Harvesting Geospatial Opportunity

Exploring Parcel Suitability for Community Garden Development in Maui County, Hawaii

Master’s Capstone Project by Chloe Hoke, M.A.

Capstone Project Submitted in the Fulfillment of the Requirements for the Degree of
Master of Applied Geospatial Information Systems and Technology
at the University of California, Los Angeles, Department of Geography

Awarded Outstanding Capstone Project of 2022
by the UCLA MAGIST Academic Advisory Board

Exploring Parcel Suitability for Community Garden Development in Maui County, Hawaii

This project demonstrates how stakeholder input and community insights can be used with spatial data to create a dynamic inventory of potential land for community garden development in Maui County, Hawaiʻi. Utilizing diverse data sources, including environmental, geophysical, political, and socioeconomic data, the tool provides an interactive interface for customized site suitability assessment. The goal is to empower community members with data-driven decision-making, expand community engagement, and lay the foundation for a scalable geospatial tool.

Phase 1:

Defining the Challenge & Opportunity

With urgent compounding challenges of the COVID-19 pandemic, climate change, extractive tourism, and heavy reliance on food and supply imports, Maui County faces extreme food insecurity in a post-colonial world. 
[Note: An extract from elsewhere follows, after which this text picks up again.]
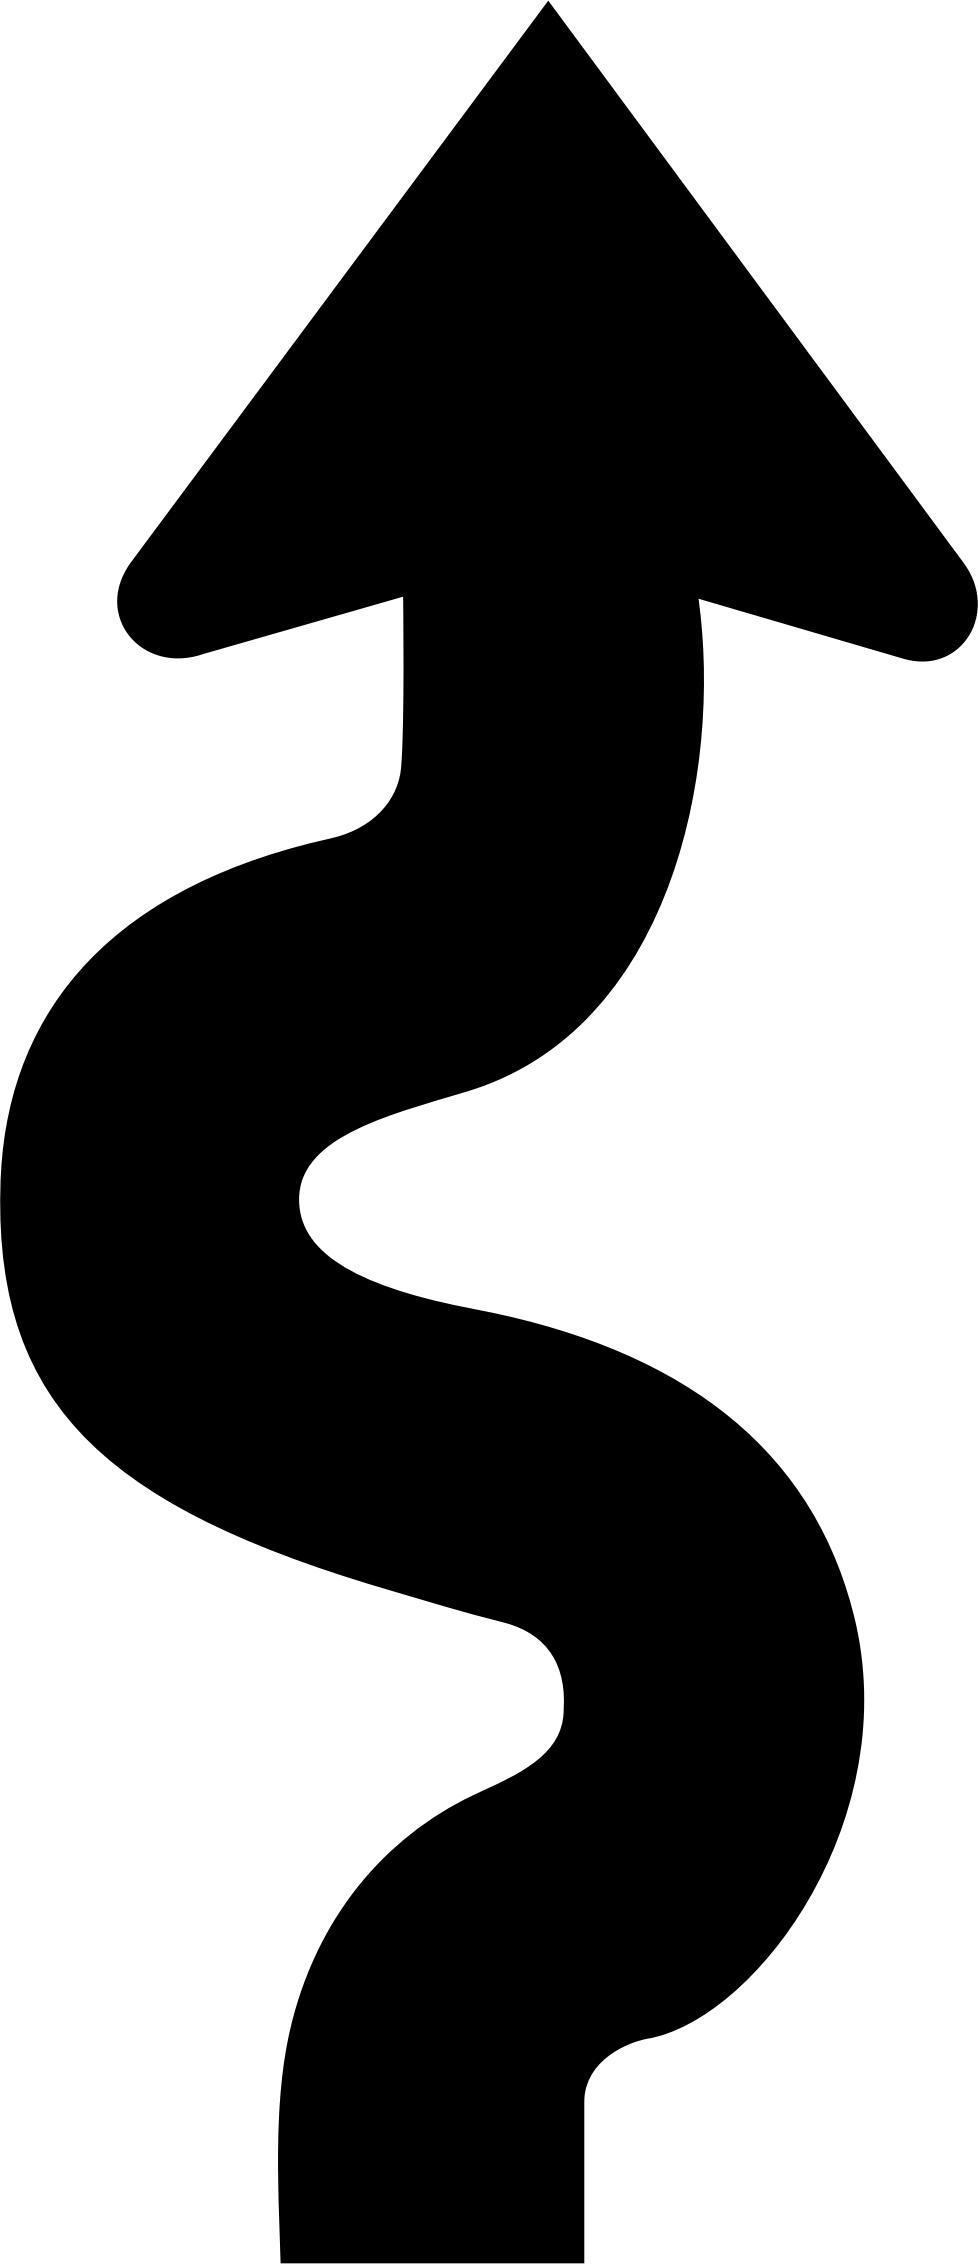 Squiggly Road Sign Arrow png transparent

Community gardens can be key components of sustainable urban food systems that can address local food insecurity, increase urban green space, and support community well-being.

Phase 2:

Understanding Community Needs & Existing Efforts

Many local nonprofits and volunteer-based organizations have worked to establish school and community gardens in Maui County, but decisions on where to expand are often entirely opportunistic, as it can be challenging to efficiently find potential locations that effectively balance stakeholder priorities and site suitability.

Phase 3:

Building the Geospatial Database

Selected collaboratively with community partners, the layers include a variety of relevant environmental, political, and local community-based datasets. Data was gathered from a variety of entities including the State of Hawaiʻi GIS Program, the Trust for Public Land, the CDC, NOAA, and local community organizations such as Grow Some Good.
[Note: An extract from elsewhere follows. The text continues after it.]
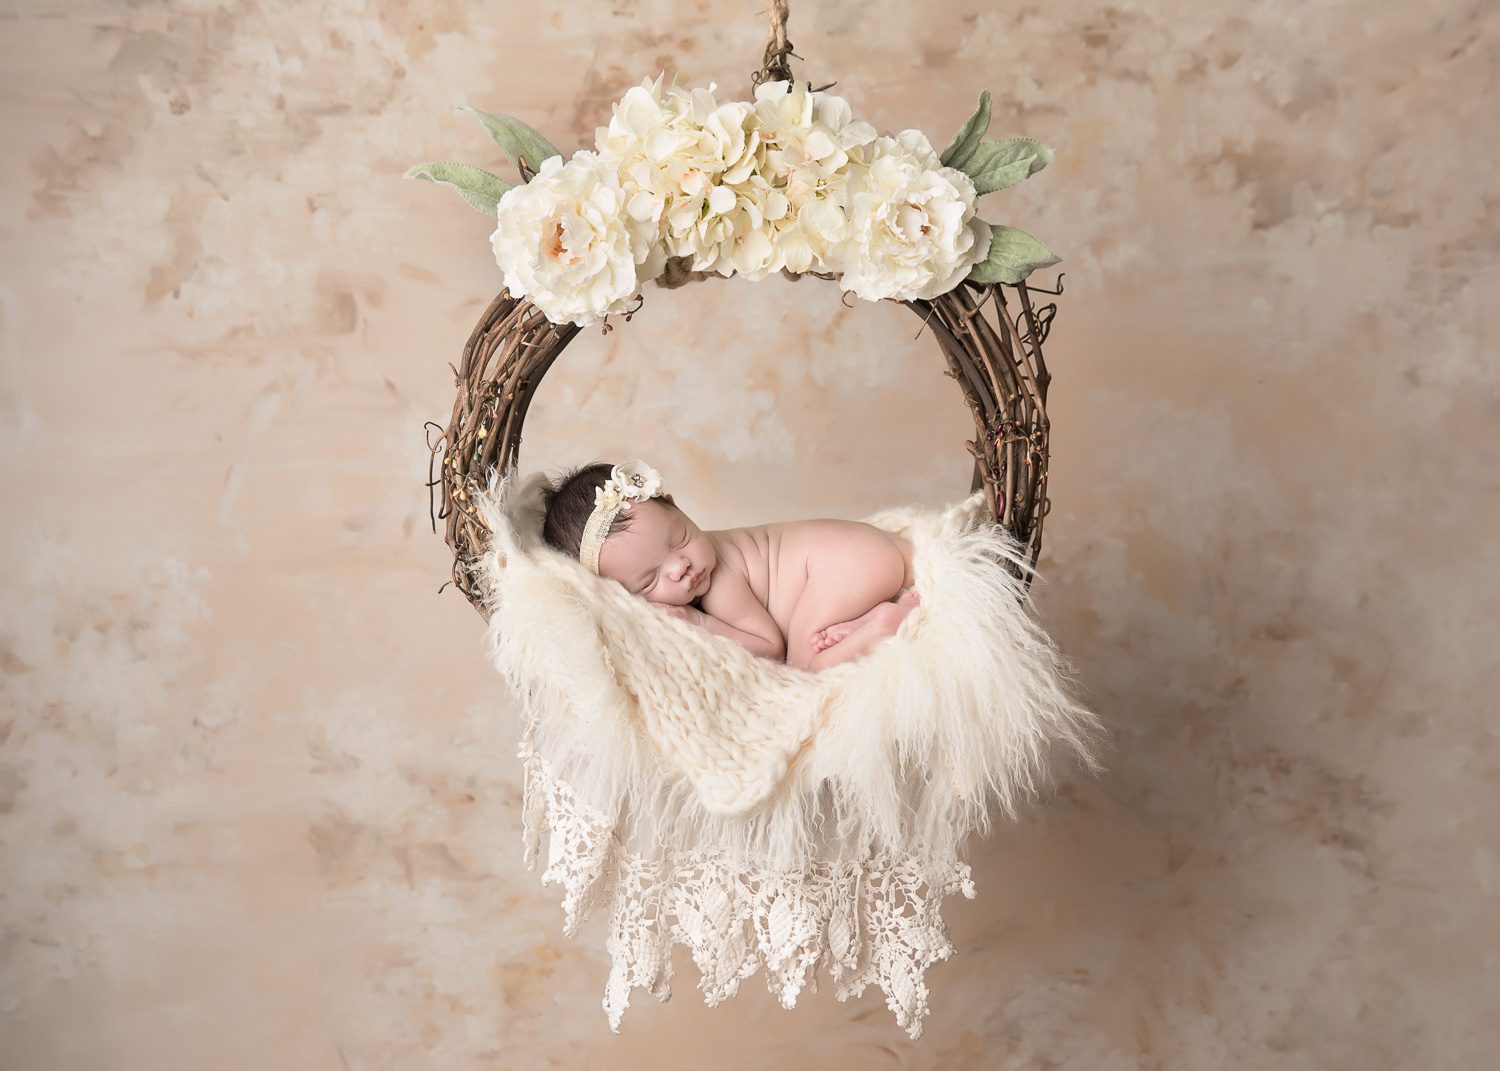 Newborn girl laying in hanging in wreath wit cream flowers on top. The background behind her is cream florals.

All spatial data was QAQC’ed, fully documented, contained in a single PostgreSQL database, and connected to a hosted Geoserver instance for custom styling.

Phase 4:

Developing the Code

The tool was custom-built in a Jupyter Notebook that leveraged Anaconda for Python. Python, HTML, CSS, and Anaconda. The tool references the unique data layers hosted in Geoserver and leverages custom Python, HTML, CSS, and specifically the ipywidgets library to create an intuitive, data-driven user-interface complete with interactive layer selection, parameter input, and query selection.

Phase 5:

Exploring Results in Context

Exploration of results revealed that a strictly rule-based quantitative approach to site selection can often overlook or underdeliver in terms of actual community impact and expected project value.
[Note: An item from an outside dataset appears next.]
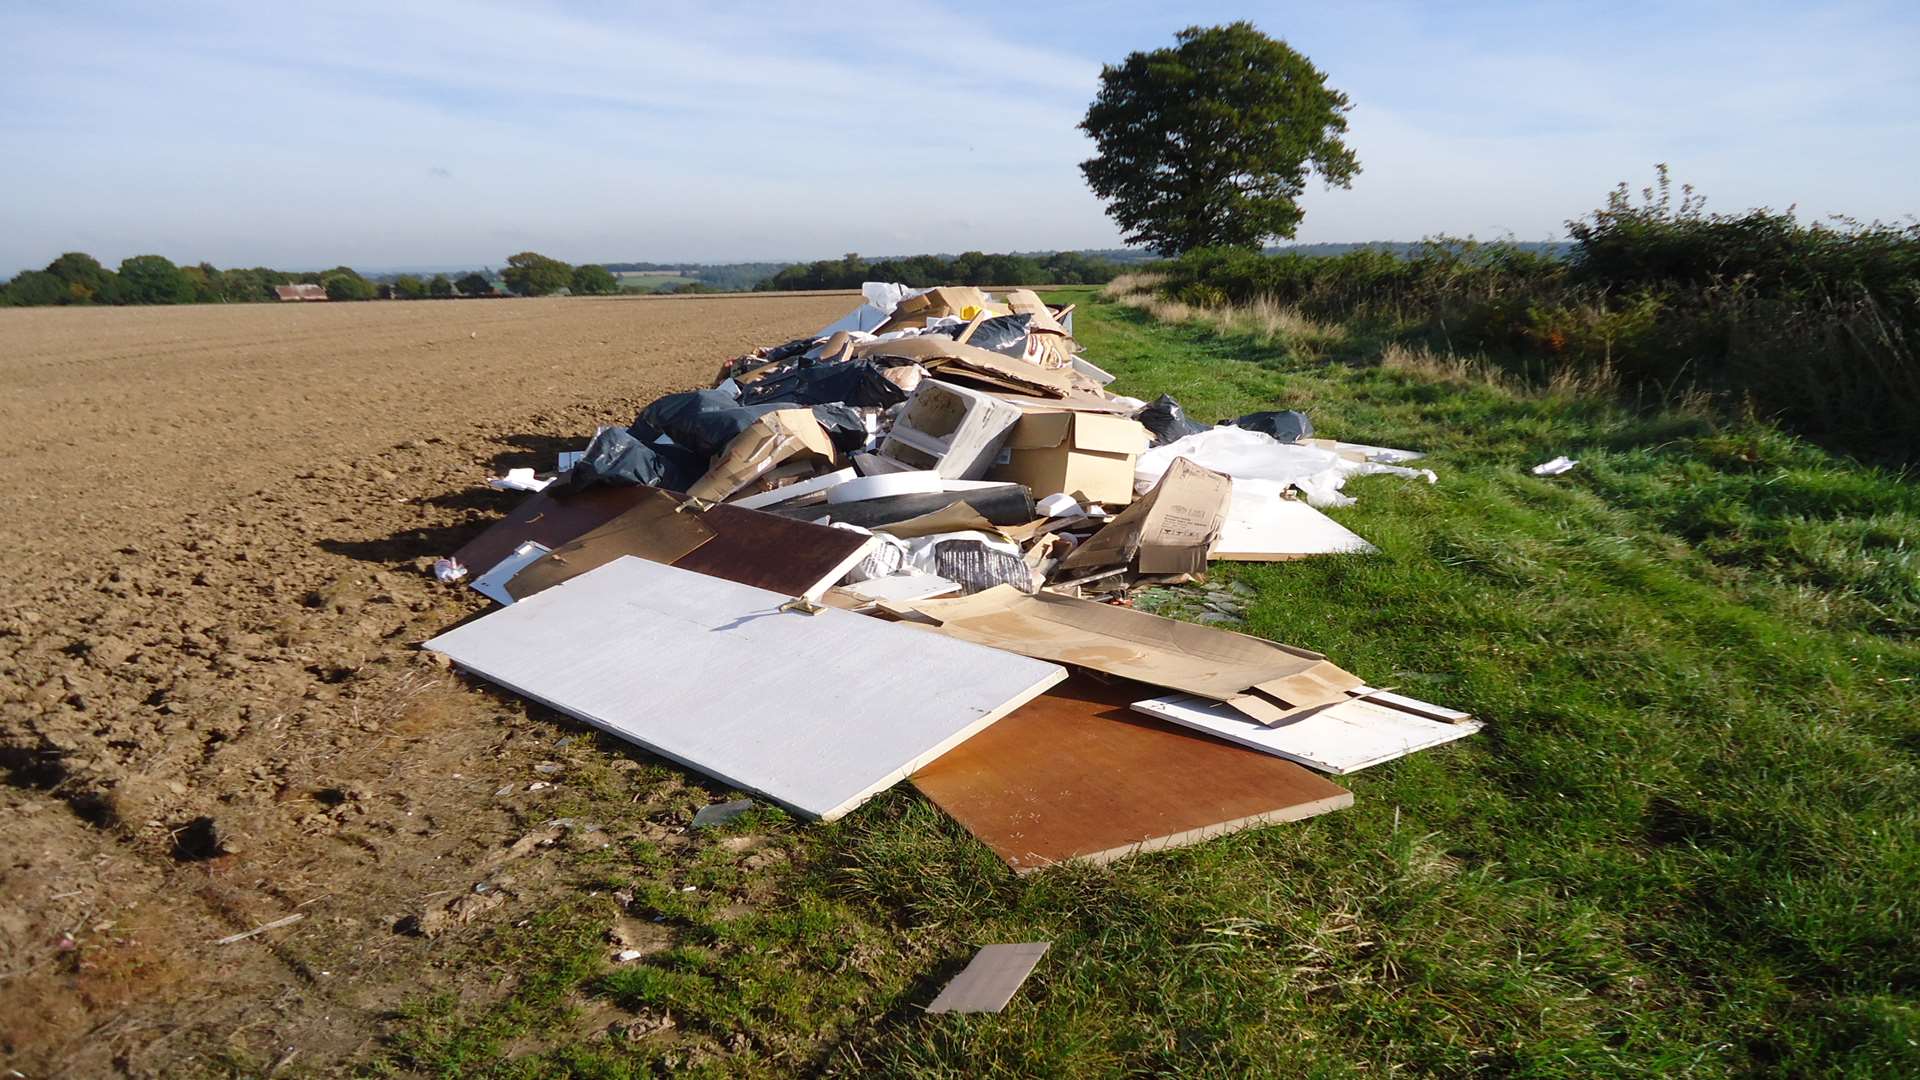 Ashley Martin dumped rubbish in several parts of the county

Results highlighted the necessary inclusion of more local knowledge and community insights which in collaboration with the geospatial decision-making tools, can expand output value even further to empower existing efforts to manage increasingly complex environmental land use decisions.

In this way, this project exemplifies how the geospatial can inform and empower stakeholders and non-experts, optimize decision-making efficiency, accelerate direct community action, and more effectively move towards a sustainable food future for Maui County and beyond.